Segment Start: Recorded information

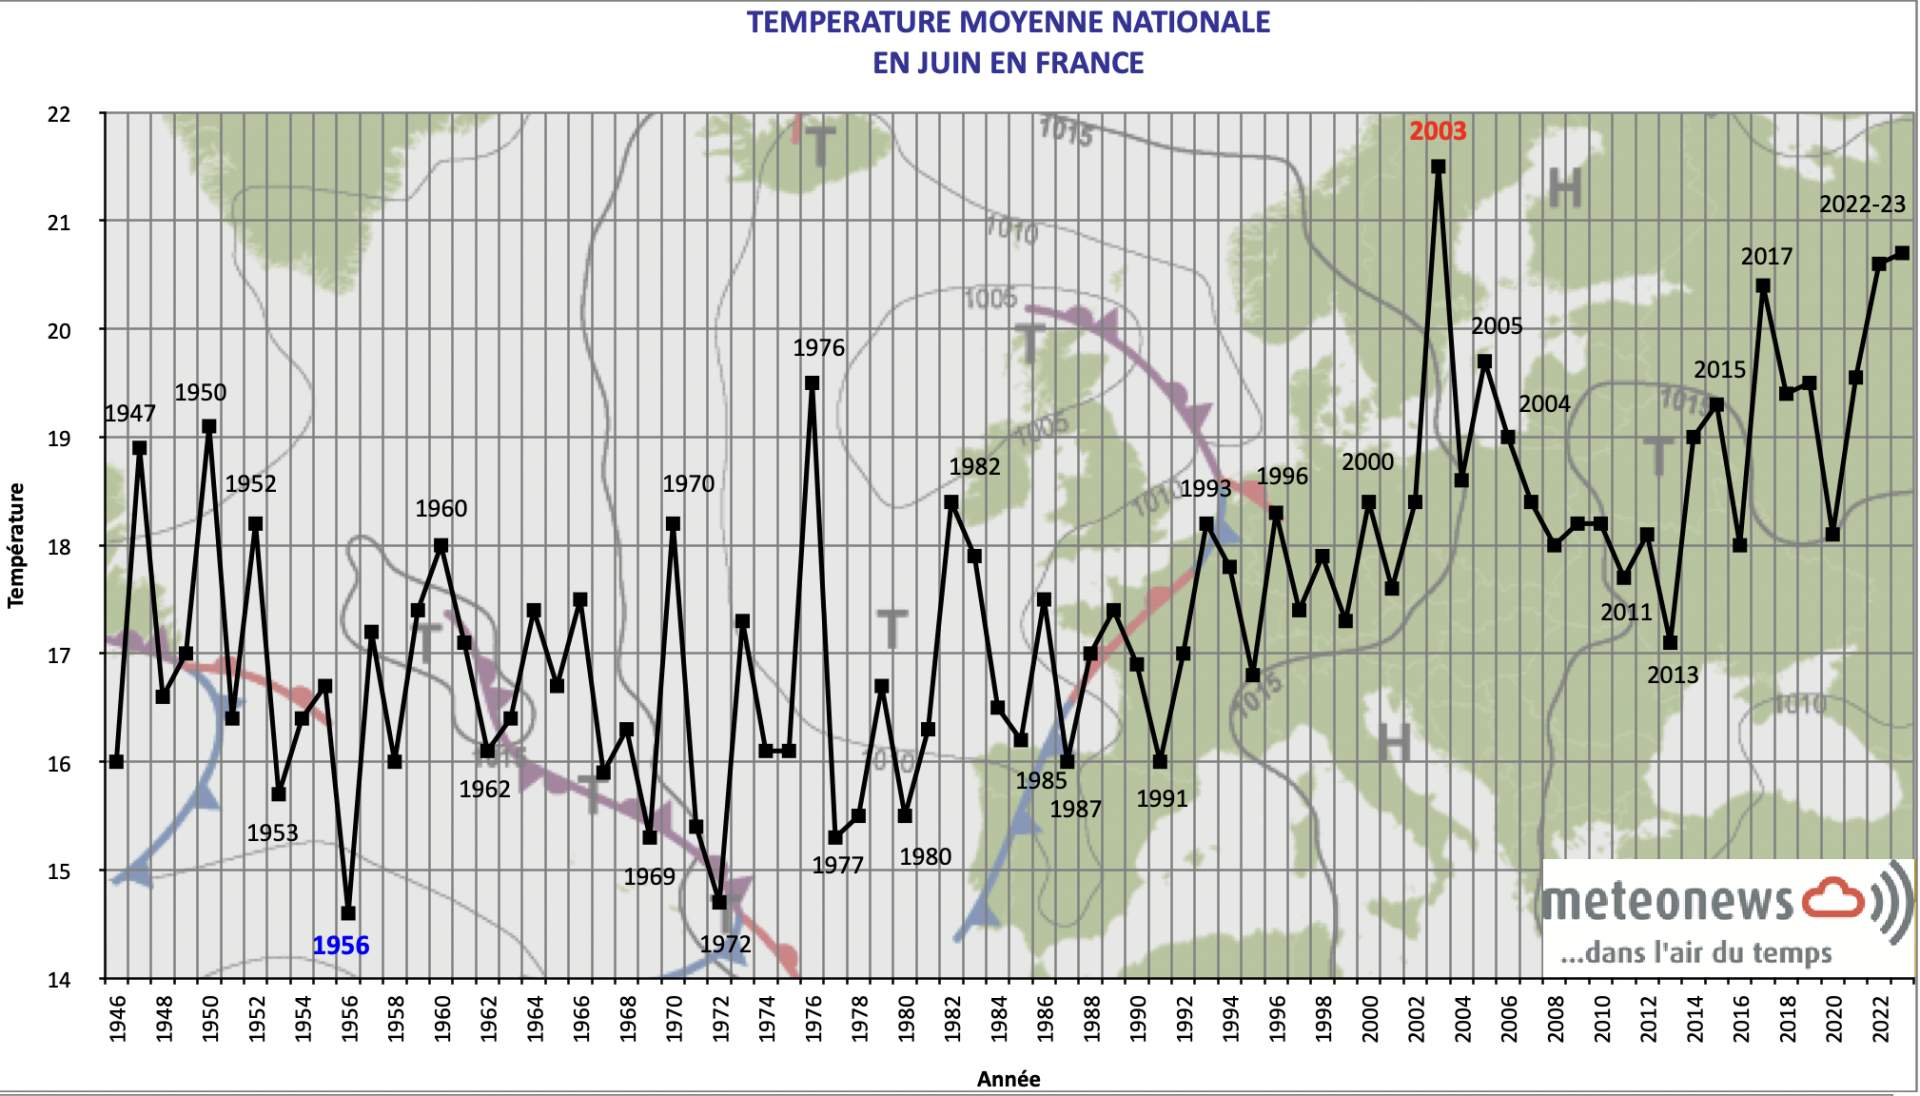 Température moyenne mensuelle nationale en juin en France; Source: MeteoNews
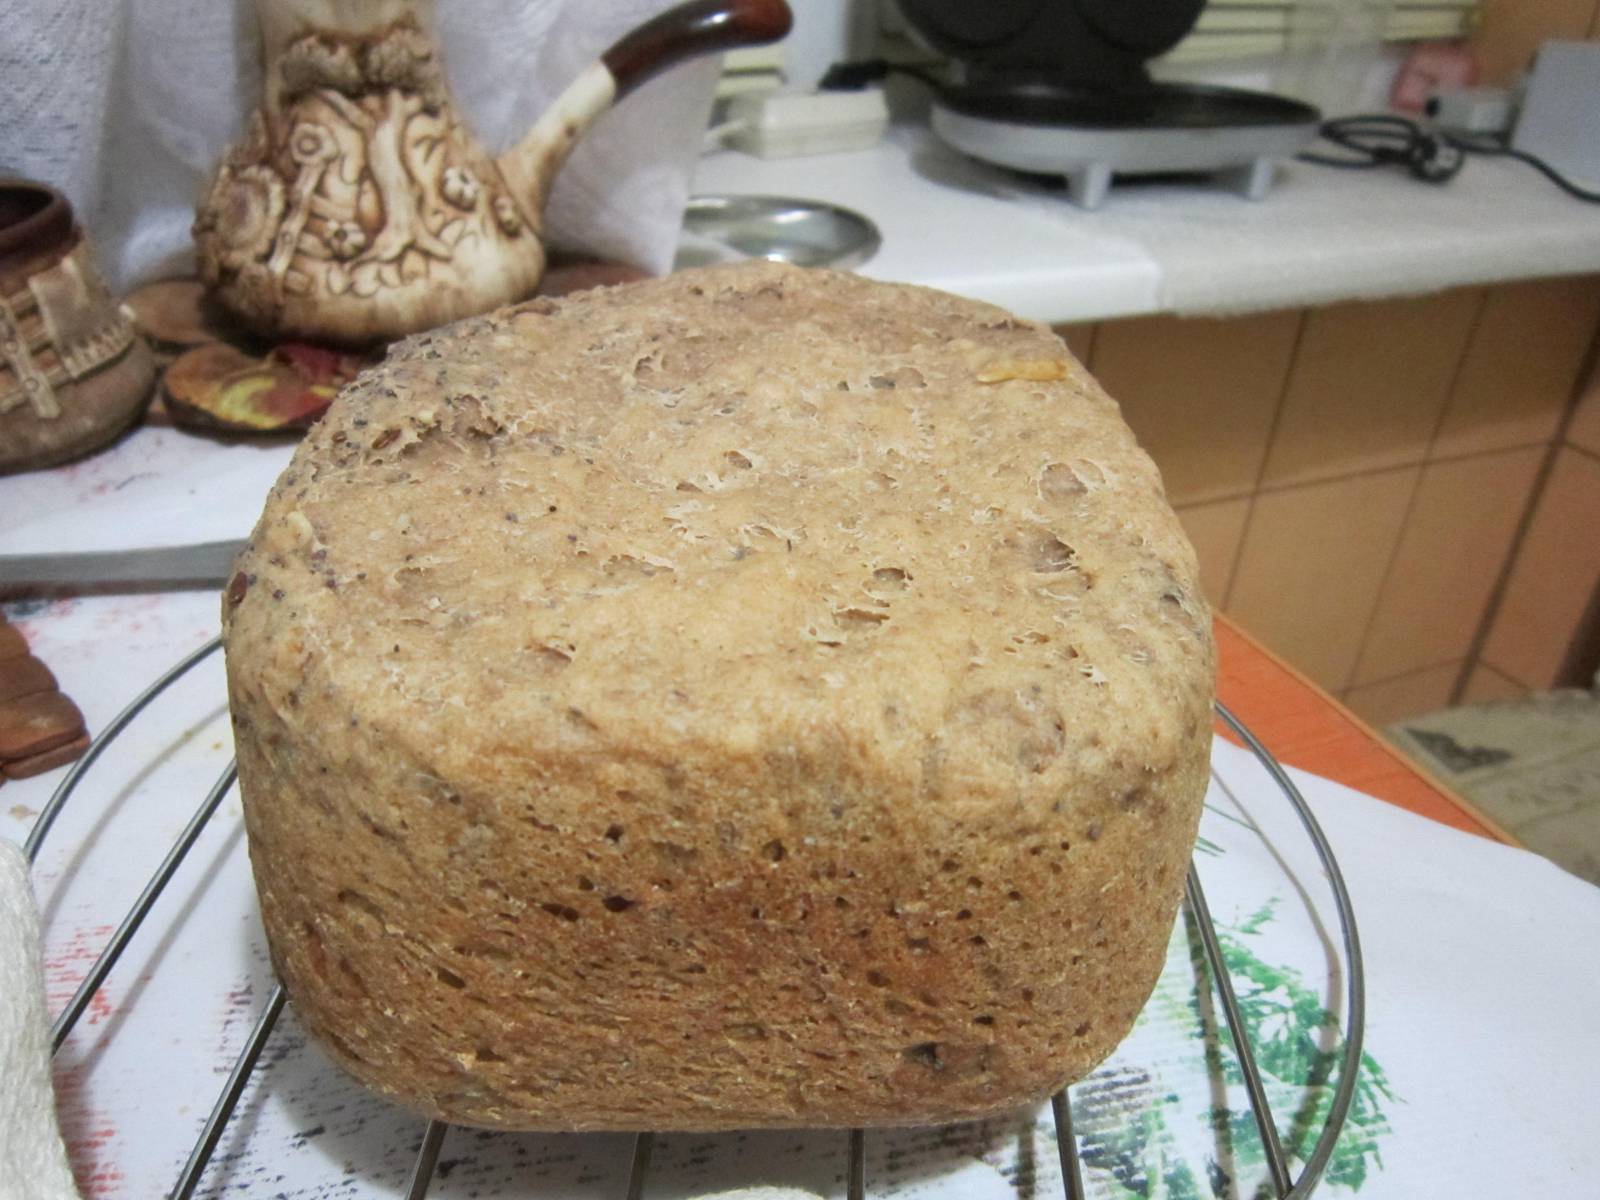 Pan de trigo sarraceno con semillas de amapola, semillas de lino, nueces
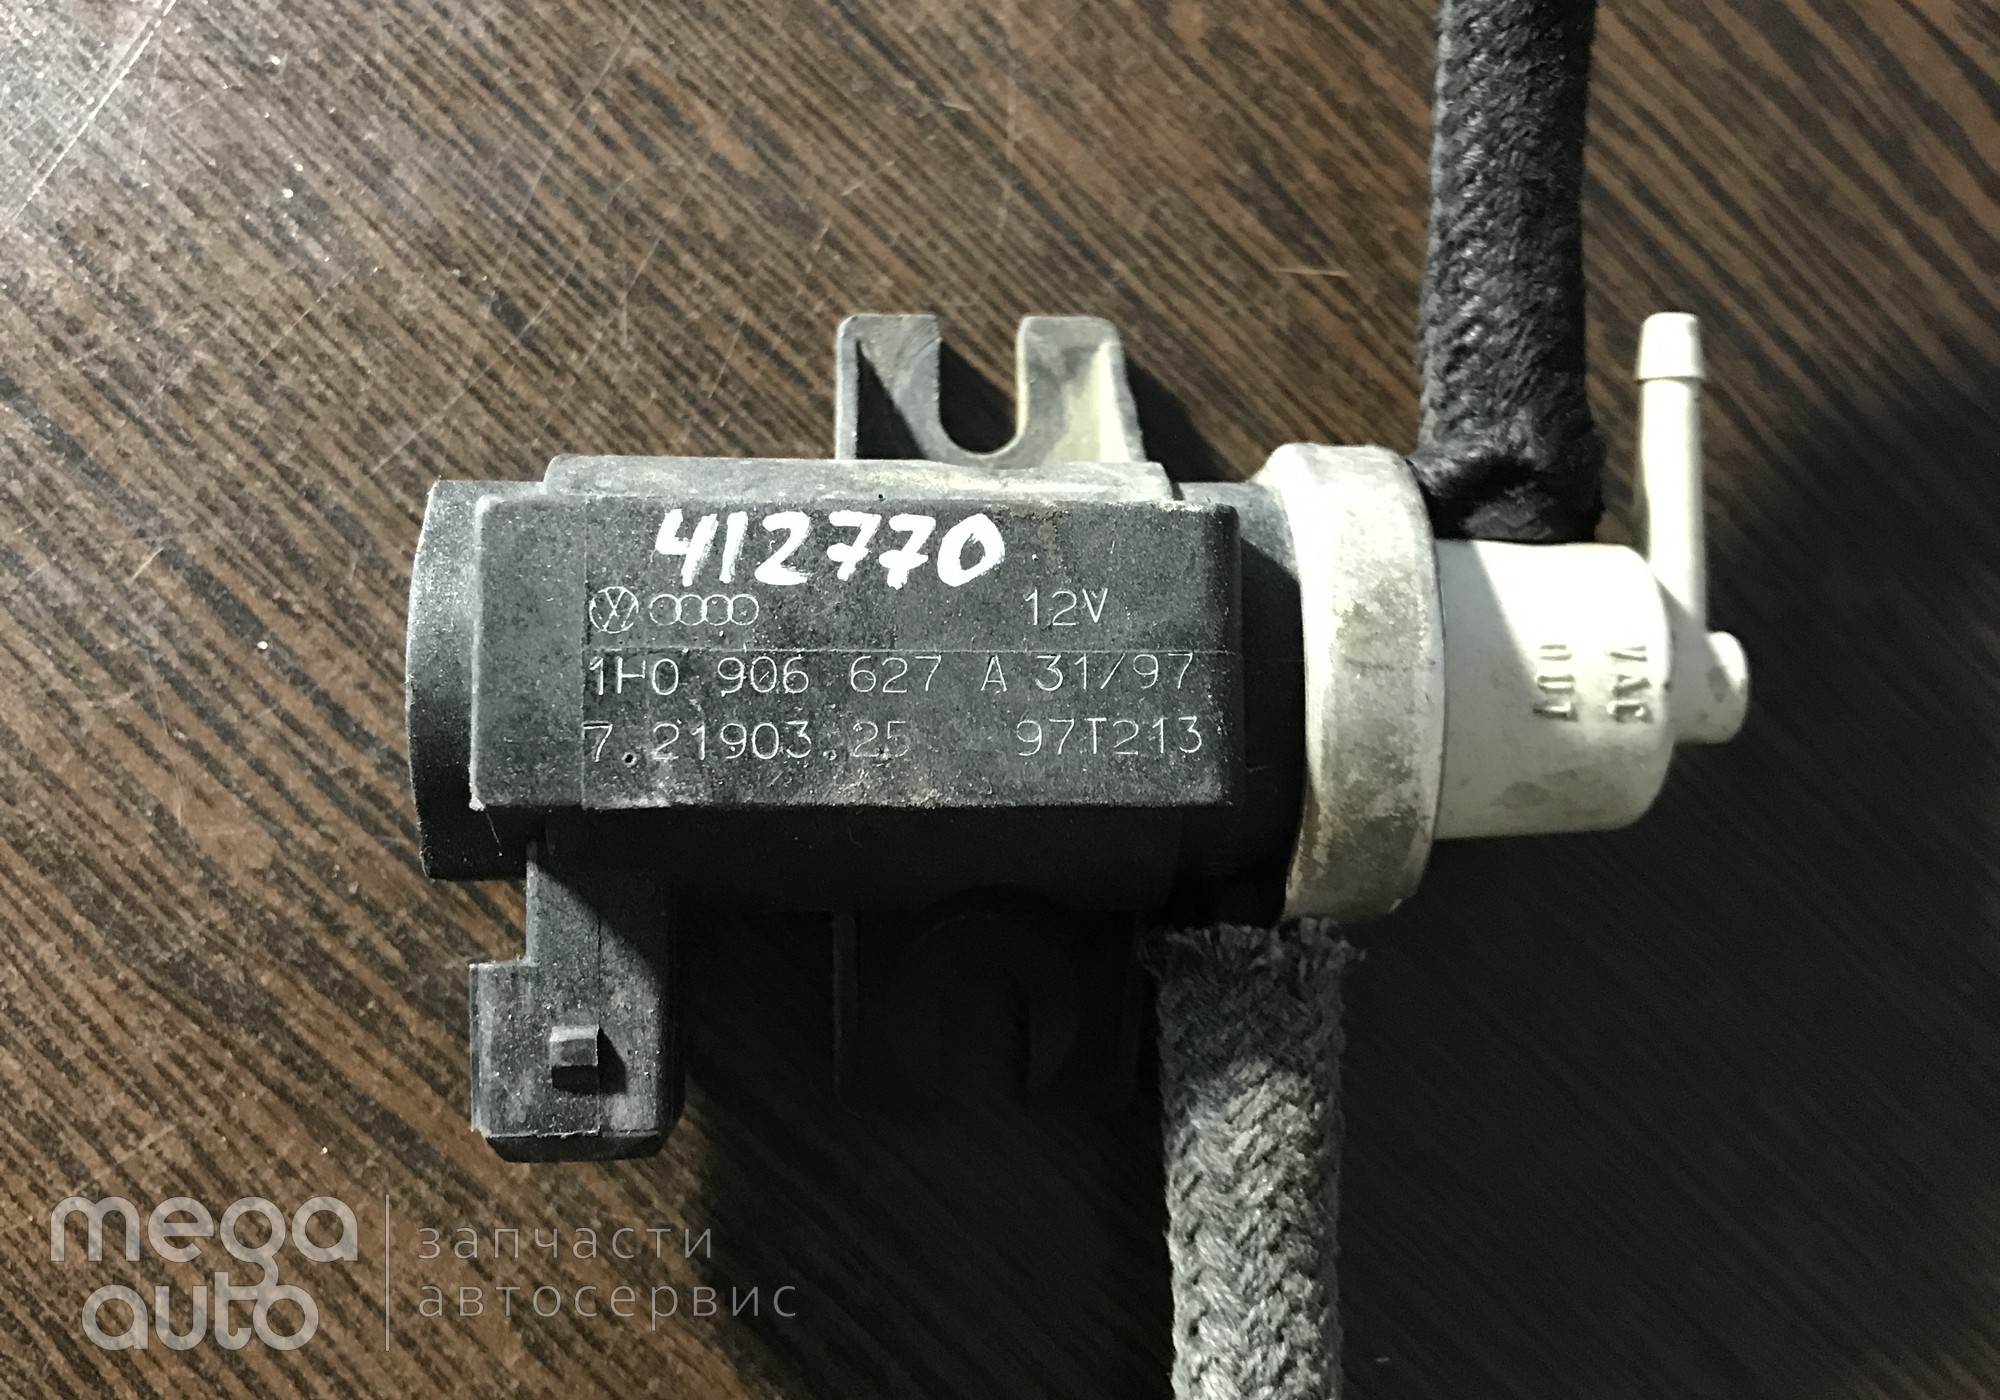 1H0906627A Клапан электромагнитный VAG для Skoda Octavia I (с 1996 по 2010)

Segment End: Recorded information

• What is needed
All of the lines above should be retyped precisely, apart from the pictures.

• Worked solution
 Température moyenne mensuelle nationale en juin en France; Source: MeteoNews
 Pan de trigo sarraceno con semillas de amapola, semillas de lino, nueces
 1H0906627A Клапан электромагнитный VAG для Skoda Octavia I (с 1996 по 2010)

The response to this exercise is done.